What you are asked to do:
Without the pictures, write out all the lines below exactly as they appear.

The data:
━━━
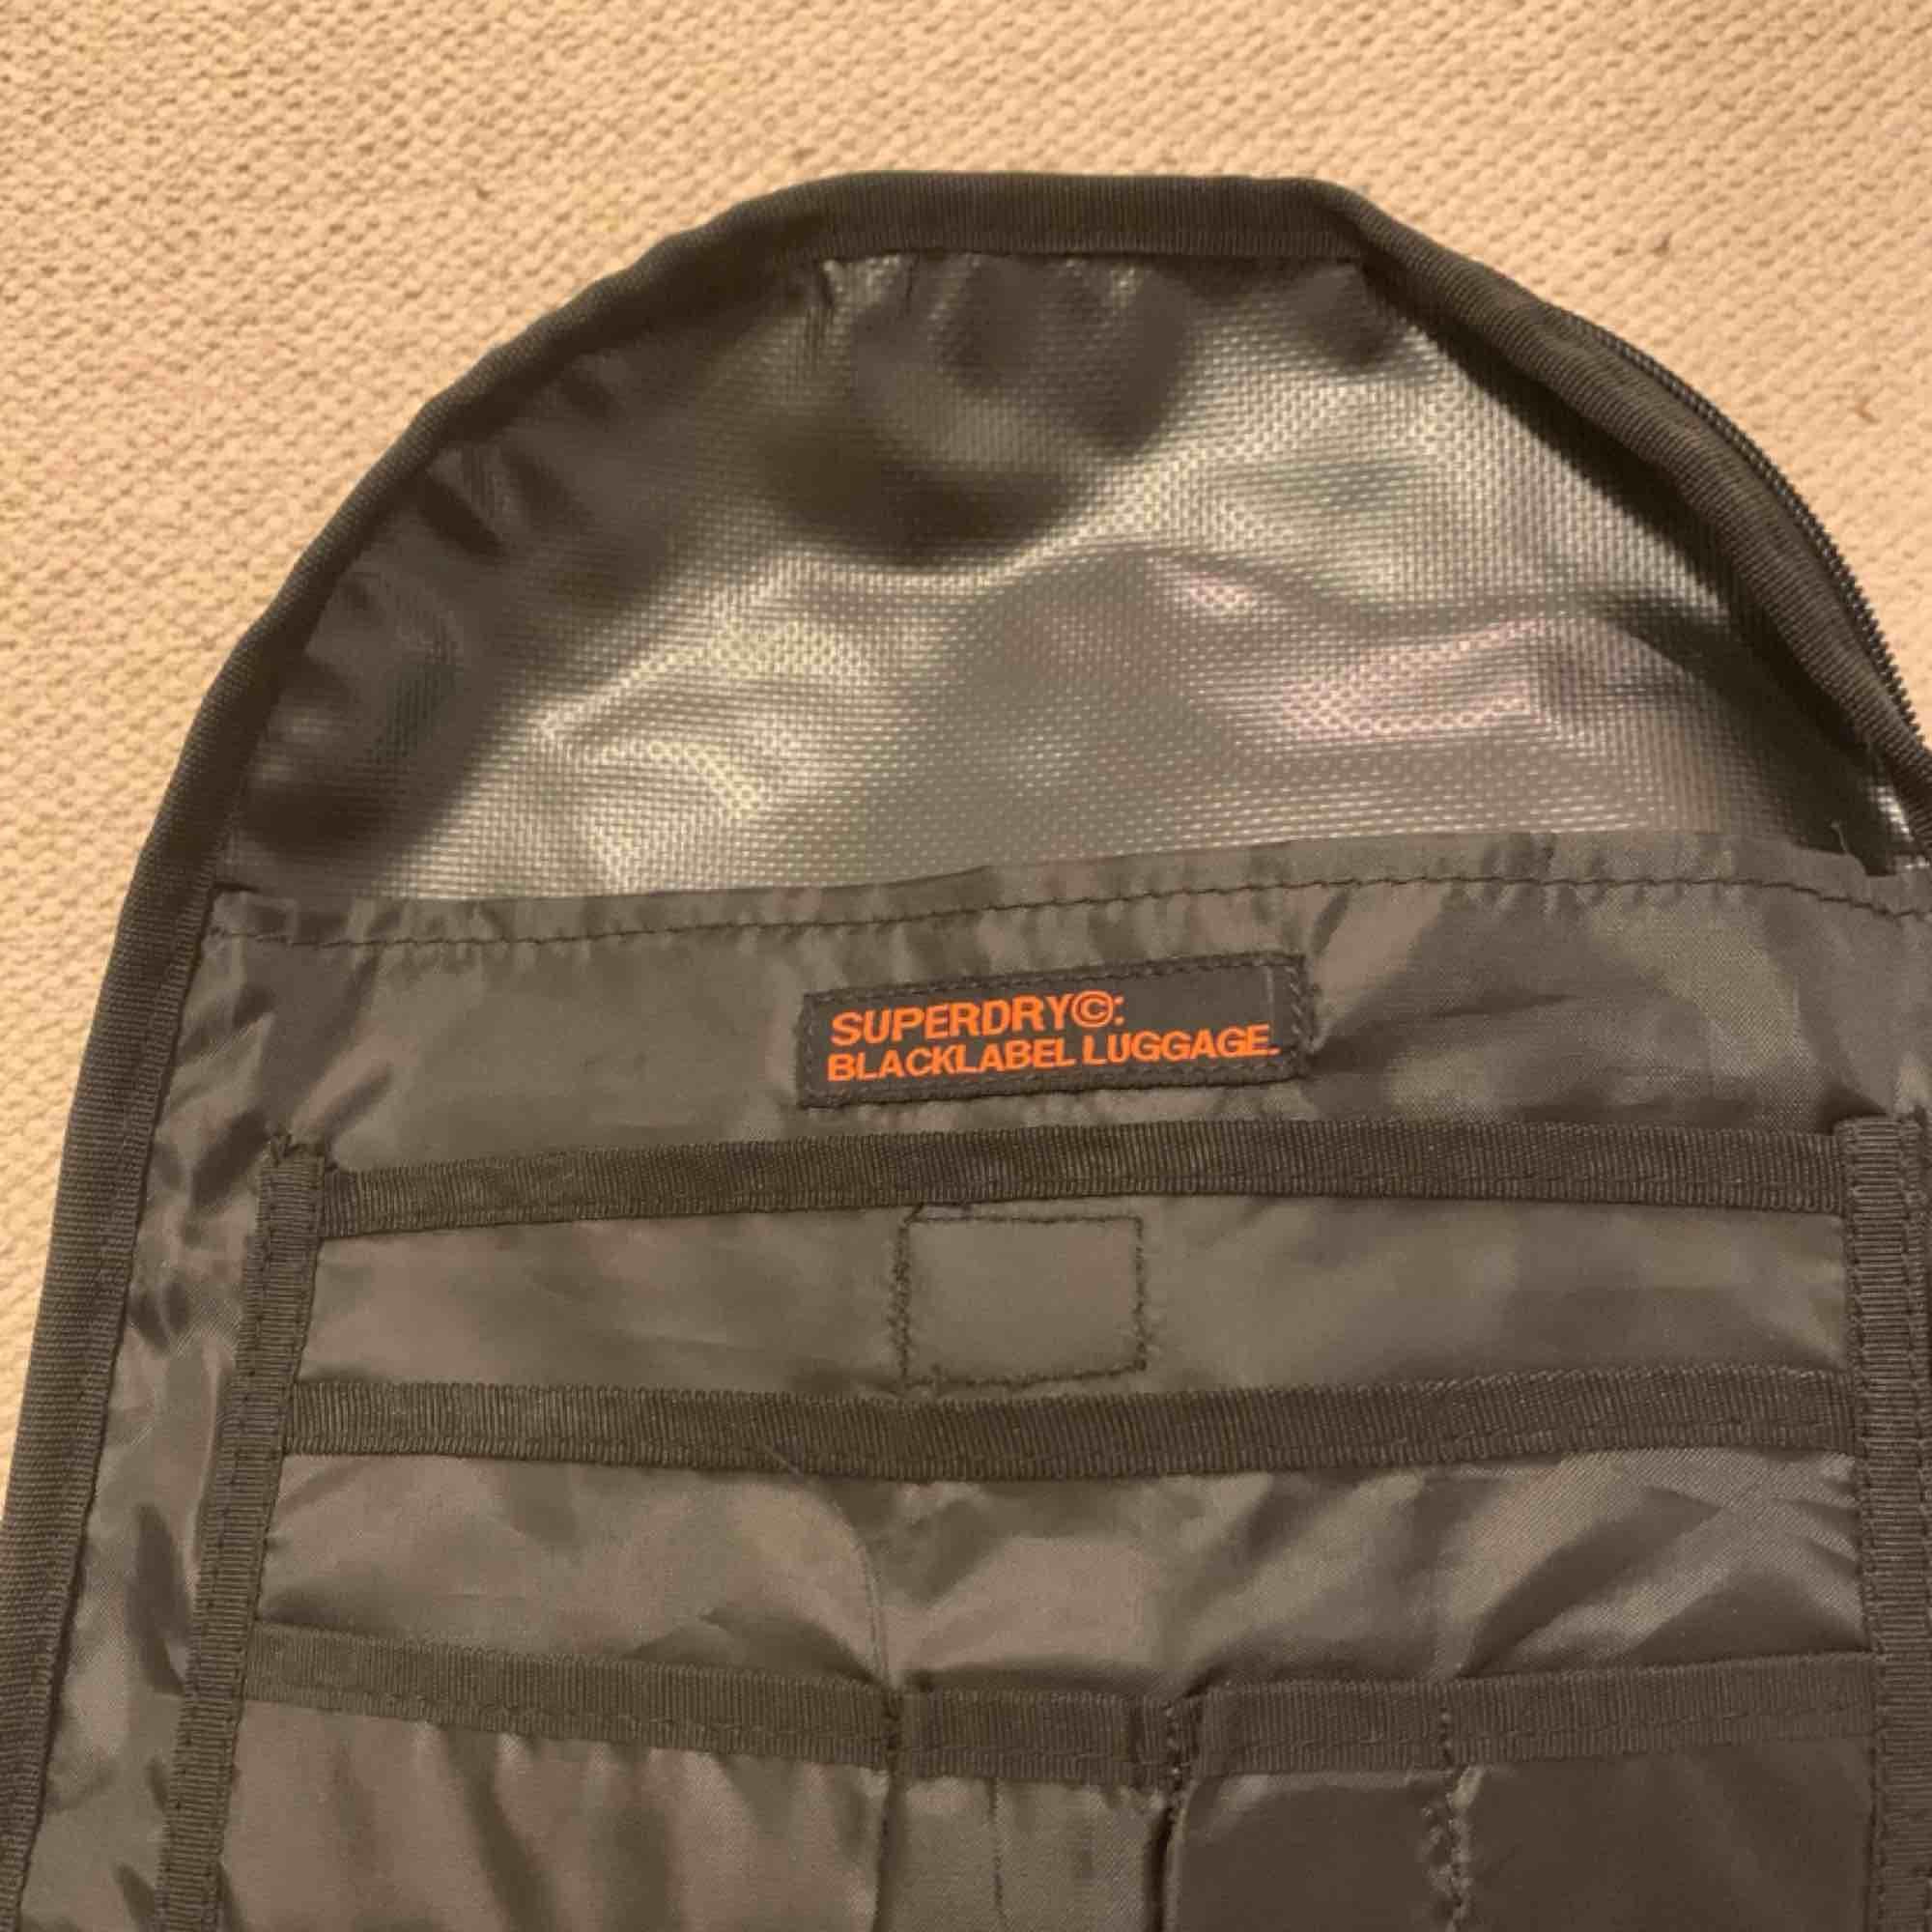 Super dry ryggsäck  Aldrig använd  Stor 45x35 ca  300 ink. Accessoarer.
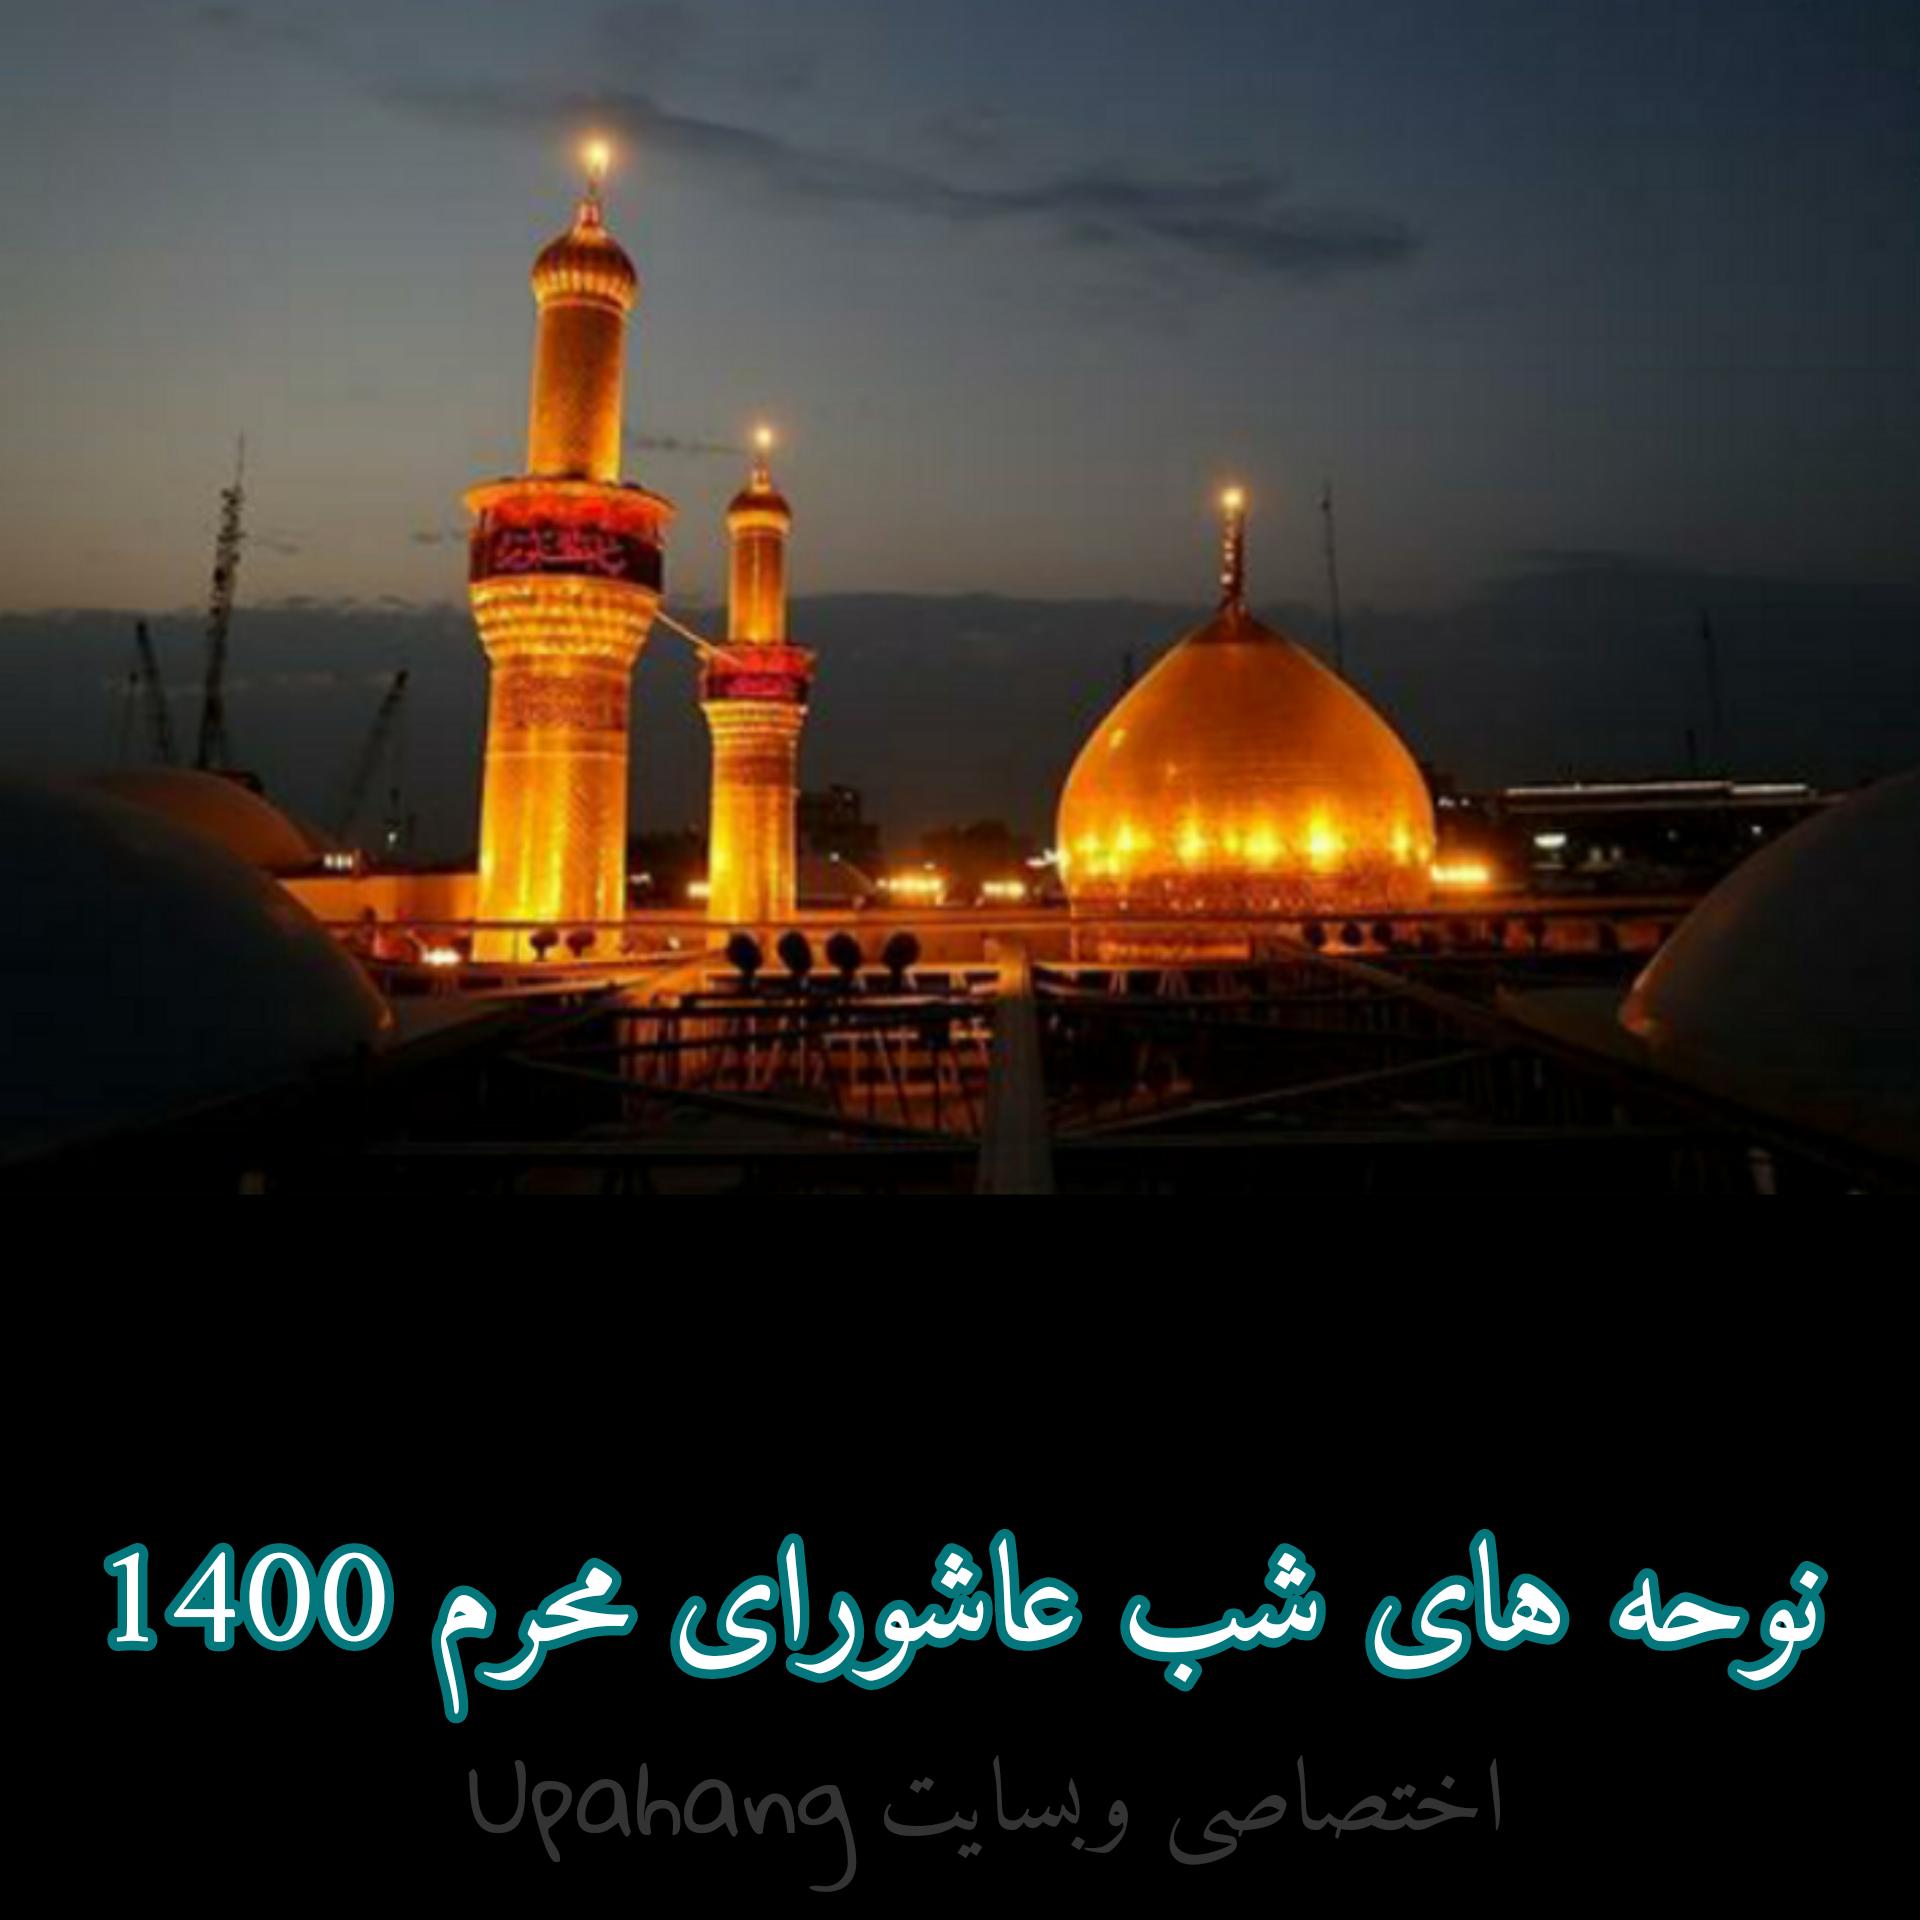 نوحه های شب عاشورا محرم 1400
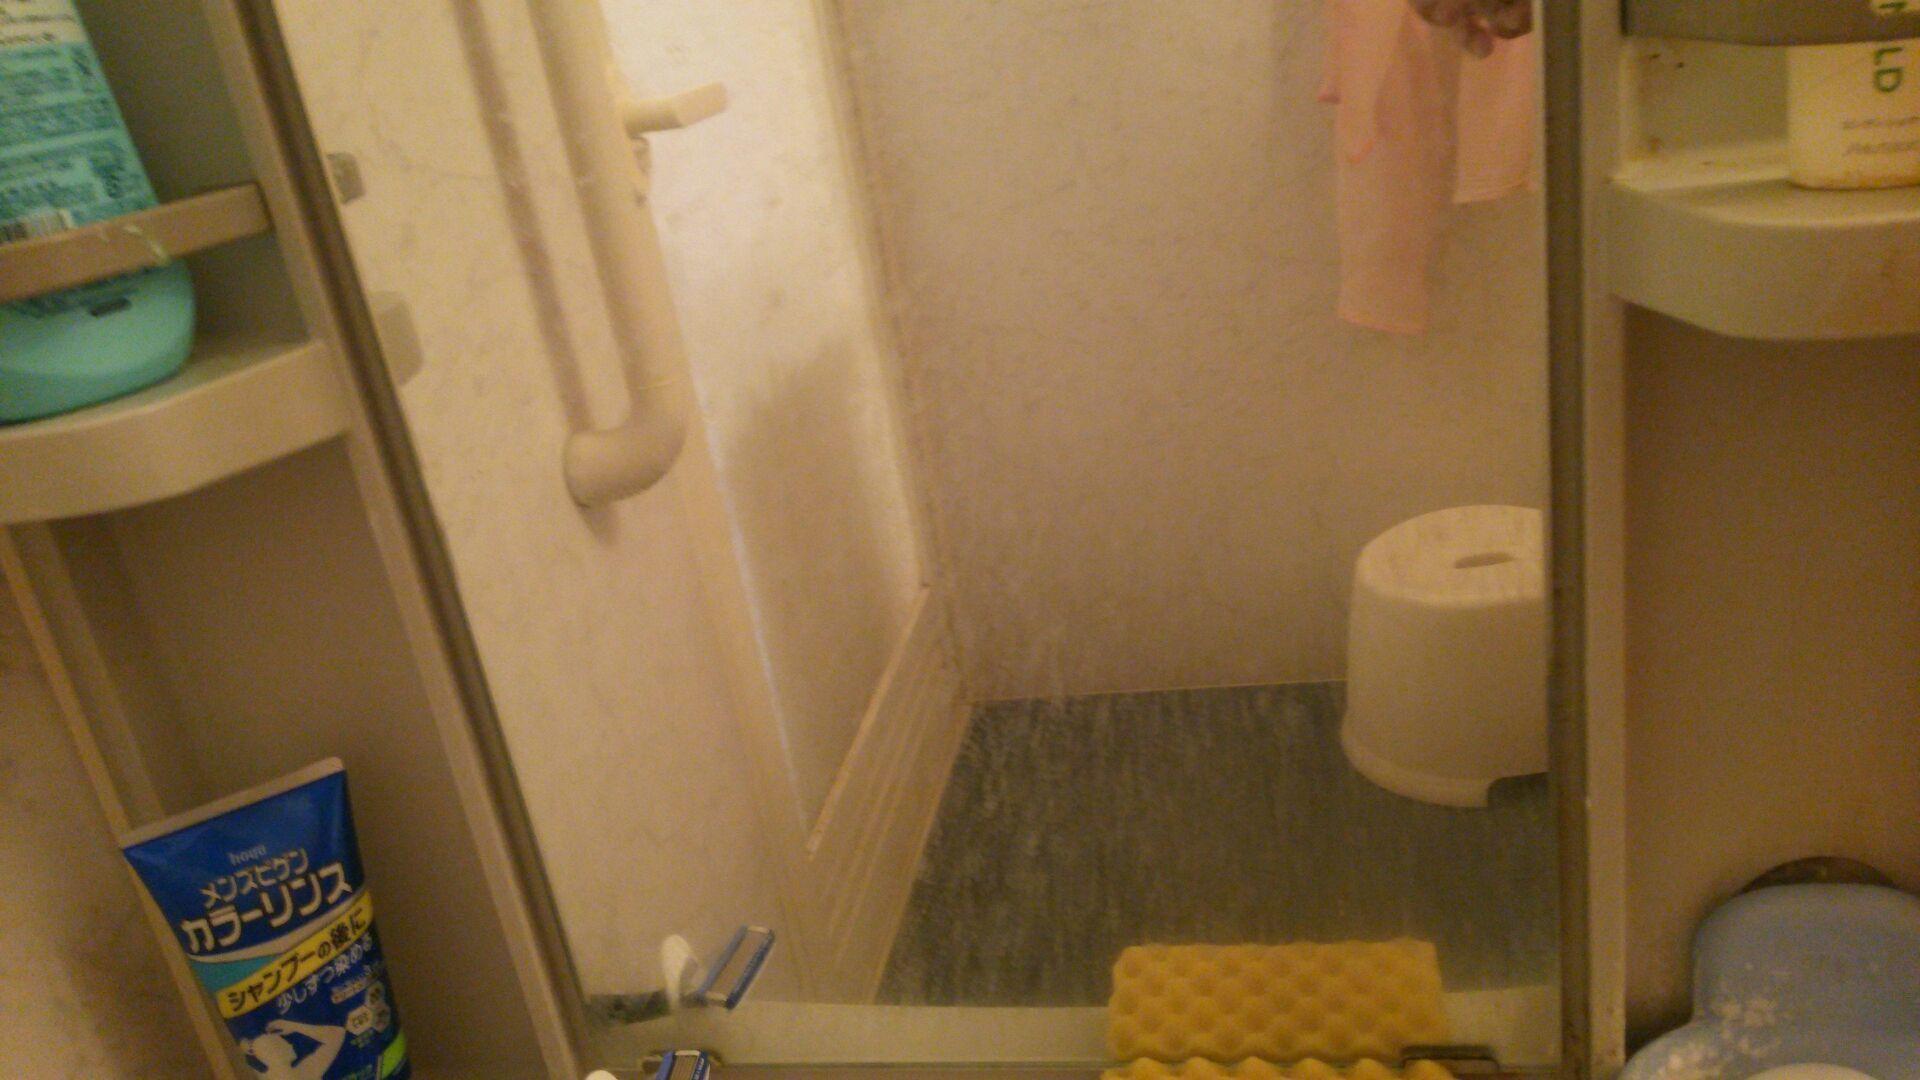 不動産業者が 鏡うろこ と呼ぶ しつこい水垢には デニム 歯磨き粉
━━━
Answer to the problem:
 Super dry ryggsäck  Aldrig använd  Stor 45x35 ca  300 ink. Accessoarer.
 نوحه های شب عاشورا محرم 1400
 不動産業者が 鏡うろこ と呼ぶ しつこい水垢には デニム 歯磨き粉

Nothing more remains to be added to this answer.